At the advanced age of twenty-seven, Hollis entered medical school. Deep in the rigorous program at Madison, Hollis had scant time for any life, never mind a social life. Prospective surgeons on old nighttime soap operas had more sex in a one-hour episode than Hollis had in a semester. Her most significant relationship at that time wasn’t a love affair of the usual kind: It began nearly six years later, when Hollis represented the UW–Madison Burn Center at a conference in London. After Livingston spoke on the dental implications in future of full-face transplant, Hollis waylaid him, voracious for more. Livingston’s wife, Gwen, still told the story of calling Livingston once at midnight after the conference banquet would have been hours over, then five times between one and four in the morning, after which she decided there had been a mishap and began calling the various trauma units, starting with Livingston’s own. She was shocked to hear that her husband was indeed there, unhurt and deep in conversation over tea with a very pretty American, who was not hurt either.
The fellowship post from St. Charles and Kings, Livingston liked to joke, nearly beat Hollis back to Wisconsin. After all the years since, a confirmed and contented expat, and Sidney, her husband, and the boys, when the offer came from Chicago for Hollis to be the one to found the first clinic dedicated entirely to face and limb transplants, she was surprised by the force of her desire to continue to expand the boundaries of this hopeful technology. She was surprised, even more, by the yearning, which ambushed her like an alarm through broken glass, to be home. The boxes made their final trans-Atlantic crossing.
“Look what she is doing,” Hollis now said to Eliza.
“These are my facial nerves,” Sicily was telling Polly, placing the thumb and finger of one hand on spots on her cheeks, just below the ears. “They say you can’t remember feelings, but I dream about my great-uncle letting me hold a duckling once and how its feathers felt on my cheek.” She placed both hands over her mouth. “The fifth cranial nerve has upper and lower divisions. Do you have a husband, Polly? Or a boyfriend?”
Polly Guthrie nodded, and Eliza and Hollis could measure, in the slow tempo of the nod, the psychologist’s perplexity.
“The fifth facial nerve lets you feel him kiss you. But the seventh facial nerve lets you make that motion with your mouth—what do they say?”

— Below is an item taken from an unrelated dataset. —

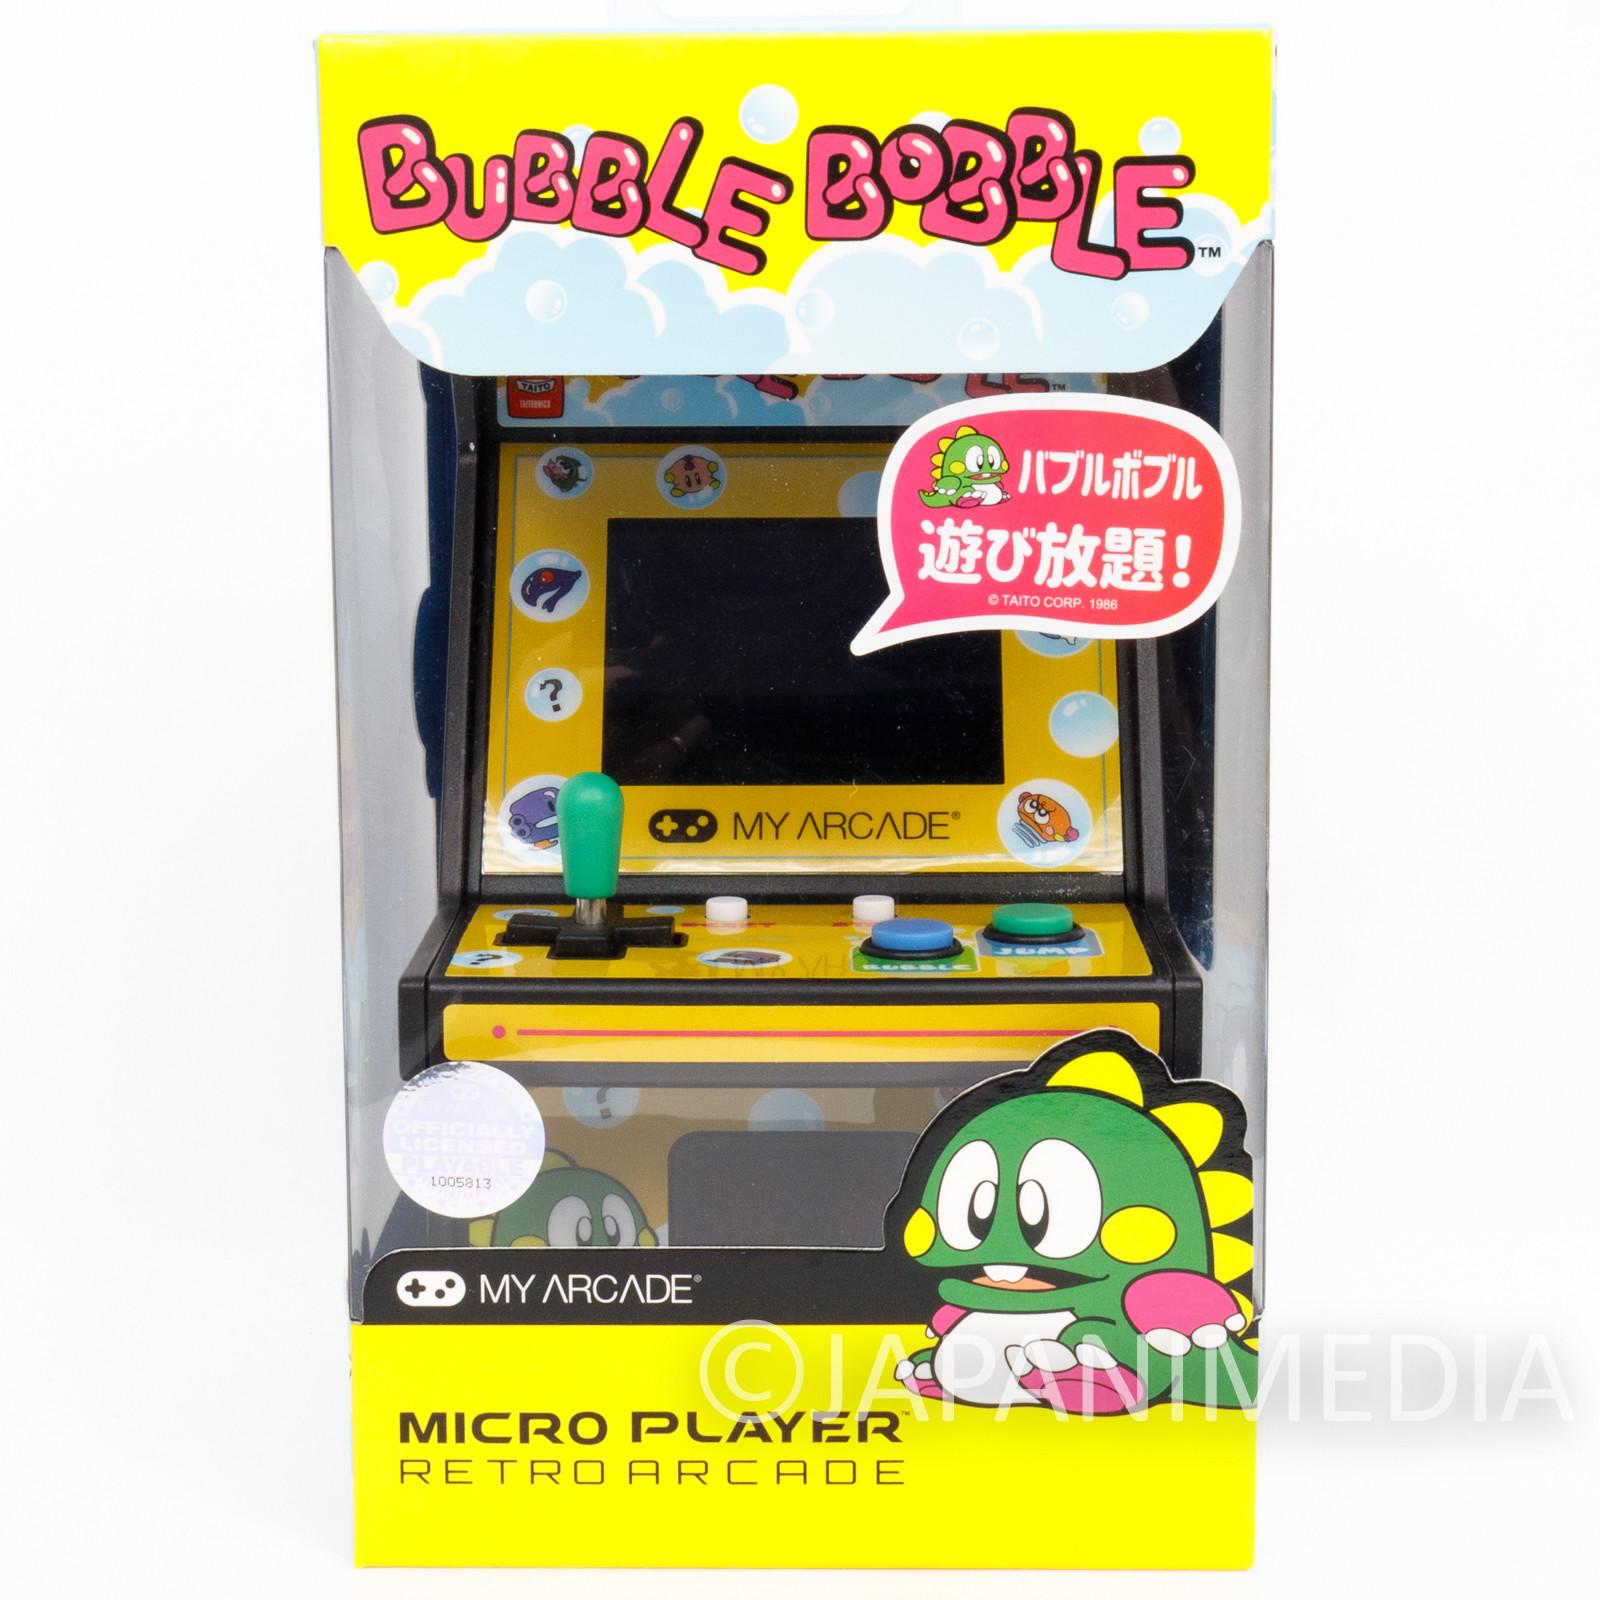 Retro Arcade BUBBLE BOBBLE Micro Player Game Machine
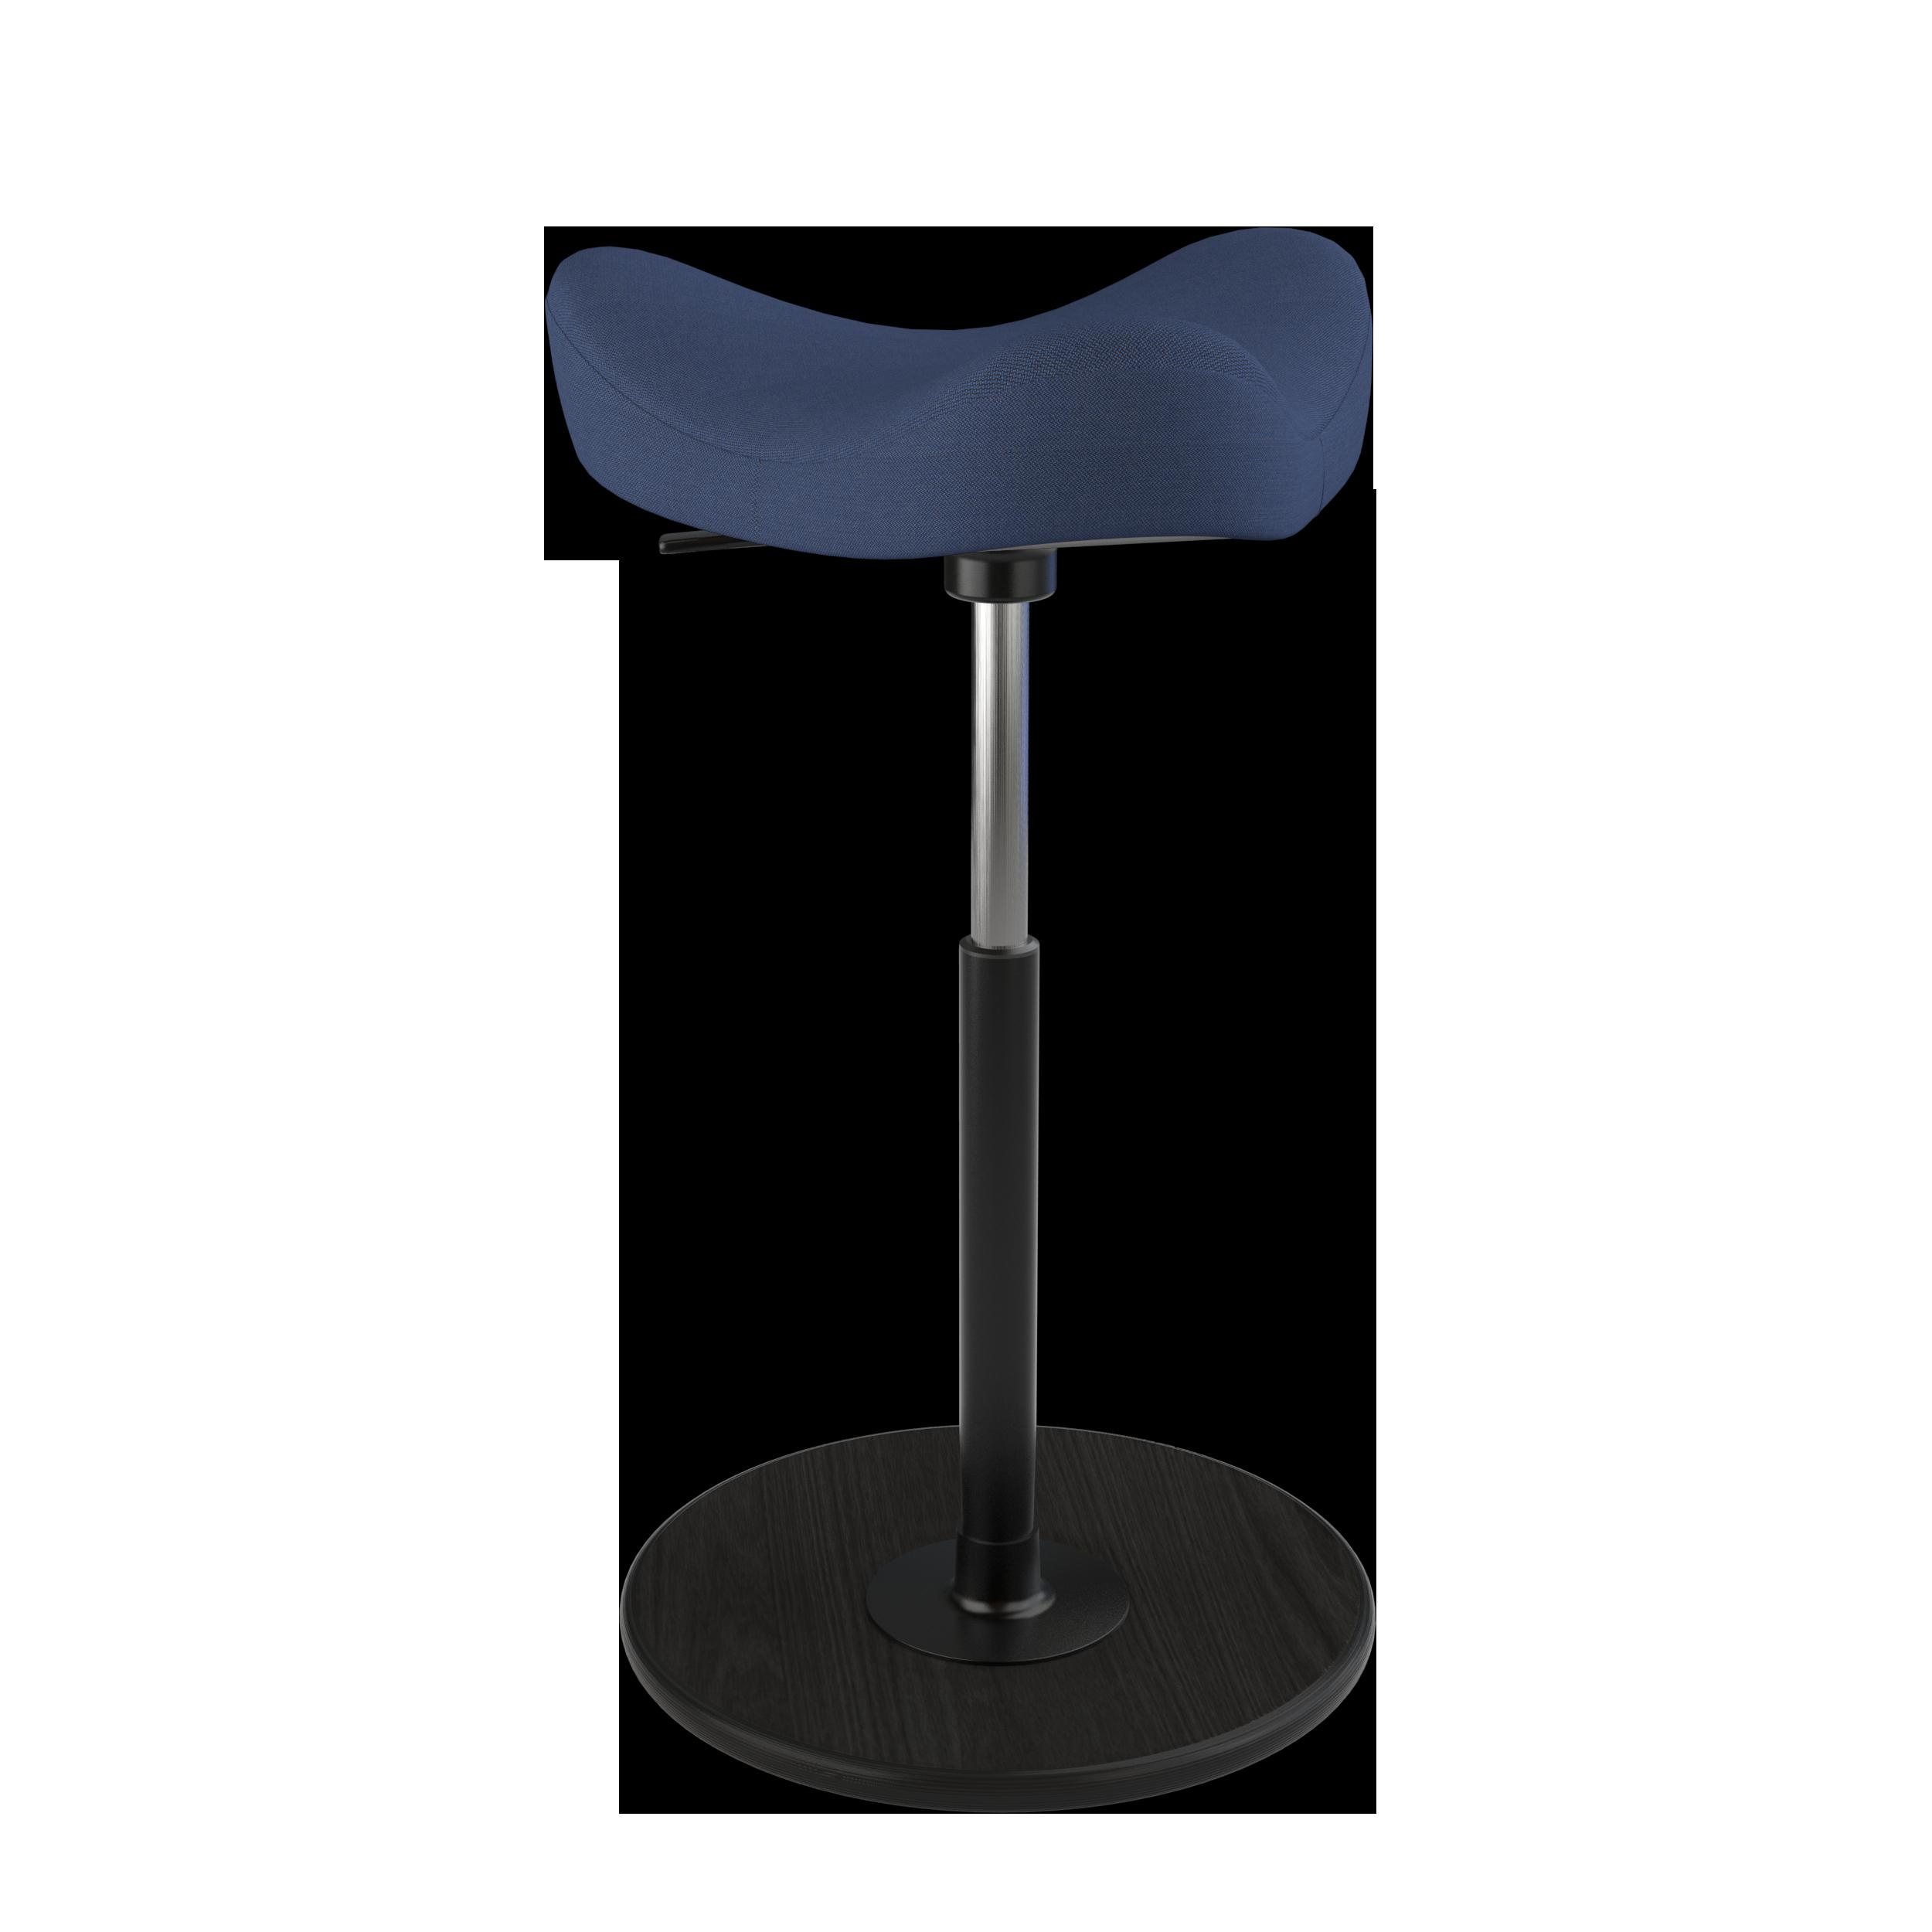 varier Stehhilfe MOVE mittel 56-82 cm, Teller Esche schwarz 03

“Puckering up,” Polly said.
“That’s it. You can kiss him back. I was thirteen when I got burned. I’d never been kissed,” Sicily said. “I’ve got strong heredity. My grandparents on both sides are well into their eighties and they’re going strong.” Sicily moved her hands down until she cradled the lower portion of the bulbous projection that was her chin. “I want to use the zygomaticus major and risorius muscles, with the help of the buccinator.”
Polly Guthrie nodded again.
“I’d give two years of my life to smile.”
“She knows what she wants,” Hollis said to Eliza. “Let’s transplant this young woman.”